Unicode files encoded in UTF-16 (low or big endian) or UTF-8 files with a Byte Order Marker are correctly discovered. For UTF-8 files with no BOM, if the buffer is wide enough, the charset should also be discovered.
A byte buffer of 4KB is used to be able to guess the encoding.
Usage:
CharsetToolkit toolkit = new CharsetToolkit(file); // guess the encoding Charset guessedCharset = toolkit.getCharset(); // create a reader with the correct charset BufferedReader reader = toolkit.getReader(); // read the file content String line; while ((line = br.readLine())!= null) { System.out.println(line); }
Constructor Summary
Constructor and description |
---|
CharsetToolkit
(File file) Constructor of the CharsetToolkit utility class. |
Methods Summary
Type Params | Return Type | Name and description |
---|---|---|
public static Charset[] |
getAvailableCharsets() Retrieves all the available Charset s on the platform, among which the default charset . | |
public Charset |
getCharset() | |
public Charset |
getDefaultCharset() Retrieves the default Charset | |
public static Charset |
getDefaultSystemCharset() Retrieve the default charset of the system. | |
public boolean |
getEnforce8Bit() Gets the enforce8Bit flag, in case we do not want to ever get a US-ASCII encoding. | |
public BufferedReader |
getReader() Gets a BufferedReader (indeed a LineNumberReader ) from the File specified in the constructor of CharsetToolkit using the charset discovered or the default charset if an 8-bit Charset is encountered. | |
public boolean |
hasUTF16BEBom() Has a Byte Order Marker for UTF-16 Big Endian (utf-16 and ucs-2). | |
public boolean |
hasUTF16LEBom() Has a Byte Order Marker for UTF-16 Low Endian (ucs-2le, ucs-4le, and ucs-16le). | |
public boolean |
hasUTF8Bom() Has a Byte Order Marker for UTF-8 (Used by Microsoft's Notepad and other editors). | |
public void |
setDefaultCharset(Charset defaultCharset) Defines the default Charset used in case the buffer represents an 8-bit Charset . | |
public void |
setEnforce8Bit(boolean enforce) If US-ASCII is recognized, enforce to return the default encoding, rather than US-ASCII. |
Inherited Methods Summary
Methods inherited from class | Name |
---|---|
class Object | wait, wait, wait, equals, toString, hashCode, getClass, notify, notifyAll |
Constructor Detail
public CharsetToolkit(File file)
Constructor of the CharsetToolkit
utility class.
- Parameters:
-
file
- of which we want to know the encoding.
Method Detail
public static Charset[] getAvailableCharsets()
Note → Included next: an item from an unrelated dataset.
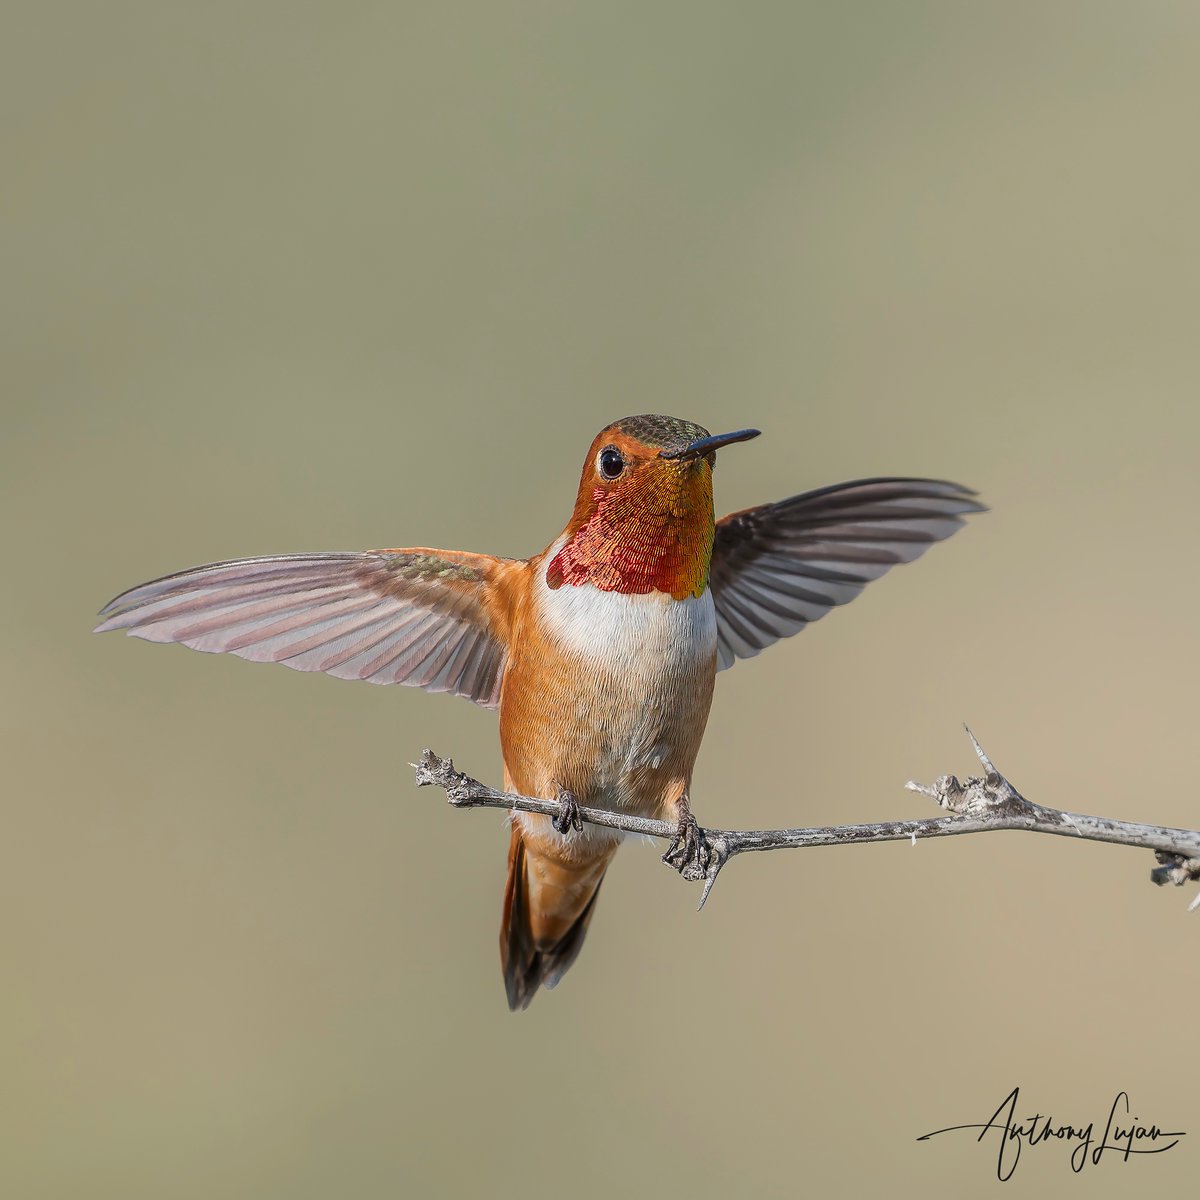 They're still in my backyard! I can't believe how long they are staying. I'm going to charge them rent soon! So blessed to have them! Rufous Hummingbird Selasphorus rufus IUCN status - NEAR THREATENED Sony A1 - Sony 600mm #rufousshummingbird #hummingbird #colibrí #beijaflor...

Retrieves all the available Charset
s on the platform, among which the default charset
.
- Returns:
- an array of
Charset
s.
public Charset getCharset()
public Charset getDefaultCharset()
Retrieves the default Charset
public static Charset getDefaultSystemCharset()
Retrieve the default charset of the system.
- Returns:
- the default
Charset
.
public boolean getEnforce8Bit()
Gets the enforce8Bit flag, in case we do not want to ever get a US-ASCII encoding.
- Returns:
- a boolean representing the flag of use of US-ASCII.
public BufferedReader getReader()
Gets a BufferedReader
(indeed a LineNumberReader
) from the File
specified in the constructor of CharsetToolkit
using the charset discovered or the default charset if an 8-bit Charset
is encountered.
- throws:
- FileNotFoundException if the file is not found.
- Returns:
- a
BufferedReader
public boolean hasUTF16BEBom()
Has a Byte Order Marker for UTF-16 Big Endian (utf-16 and ucs-2).
- Returns:
- true if the buffer has a BOM for UTF-16 Big Endian.
public boolean hasUTF16LEBom()
Has a Byte Order Marker for UTF-16 Low Endian (ucs-2le, ucs-4le, and ucs-16le).
- Returns:
- true if the buffer has a BOM for UTF-16 Low Endian.
public boolean hasUTF8Bom()
Has a Byte Order Marker for UTF-8 (Used by Microsoft's Notepad and other editors).
- Returns:
- true if the buffer has a BOM for UTF8.
public void setDefaultCharset(Charset defaultCharset)
Defines the default Charset
used in case the buffer represents an 8-bit Charset
.
- Parameters:
-
defaultCharset
- the defaultCharset
to be returned if an 8-bitCharset
is encountered.
public void setEnforce8Bit(boolean enforce)
If US-ASCII is recognized, enforce to return the default encoding, rather than US-ASCII. It might be a file without any special character in the range 128-255, but that may be or become a file encoded with the default charset
rather than US-ASCII.
- Parameters:
-
enforce
- a boolean specifying the use or not of US-ASCII.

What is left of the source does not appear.